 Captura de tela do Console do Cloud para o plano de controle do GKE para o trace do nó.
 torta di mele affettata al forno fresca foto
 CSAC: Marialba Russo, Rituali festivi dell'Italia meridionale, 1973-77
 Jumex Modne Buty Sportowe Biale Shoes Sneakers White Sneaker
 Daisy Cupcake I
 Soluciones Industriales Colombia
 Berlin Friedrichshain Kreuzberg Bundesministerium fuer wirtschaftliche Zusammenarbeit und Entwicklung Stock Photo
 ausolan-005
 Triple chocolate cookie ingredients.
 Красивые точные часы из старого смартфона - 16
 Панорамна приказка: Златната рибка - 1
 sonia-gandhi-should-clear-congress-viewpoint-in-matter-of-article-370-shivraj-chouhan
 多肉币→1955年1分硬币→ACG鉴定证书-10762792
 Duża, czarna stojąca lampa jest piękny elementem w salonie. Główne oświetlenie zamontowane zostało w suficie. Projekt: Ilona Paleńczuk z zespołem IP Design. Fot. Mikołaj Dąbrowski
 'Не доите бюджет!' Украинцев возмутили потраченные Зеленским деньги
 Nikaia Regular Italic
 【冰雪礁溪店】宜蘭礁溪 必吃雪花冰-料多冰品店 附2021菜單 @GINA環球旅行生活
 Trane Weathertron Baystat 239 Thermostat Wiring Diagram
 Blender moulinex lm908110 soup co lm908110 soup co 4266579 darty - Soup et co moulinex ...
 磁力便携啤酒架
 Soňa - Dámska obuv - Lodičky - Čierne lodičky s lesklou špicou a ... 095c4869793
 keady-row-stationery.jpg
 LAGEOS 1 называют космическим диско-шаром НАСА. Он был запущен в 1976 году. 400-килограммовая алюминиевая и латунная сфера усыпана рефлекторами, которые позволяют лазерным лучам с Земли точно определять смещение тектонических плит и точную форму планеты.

--------------------

From the entries above, give again exactly the lines running from the line with "ausolan-005" to the line with "потраченные Зеленским деньги"; include both of those lines.

 ausolan-005
 Triple chocolate cookie ingredients.
 Красивые точные часы из старого смартфона - 16
 Панорамна приказка: Златната рибка - 1
 sonia-gandhi-should-clear-congress-viewpoint-in-matter-of-article-370-shivraj-chouhan
 多肉币→1955年1分硬币→ACG鉴定证书-10762792
 Duża, czarna stojąca lampa jest piękny elementem w salonie. Główne oświetlenie zamontowane zostało w suficie. Projekt: Ilona Paleńczuk z zespołem IP Design. Fot. Mikołaj Dąbrowski
 'Не доите бюджет!' Украинцев возмутили потраченные Зеленским деньги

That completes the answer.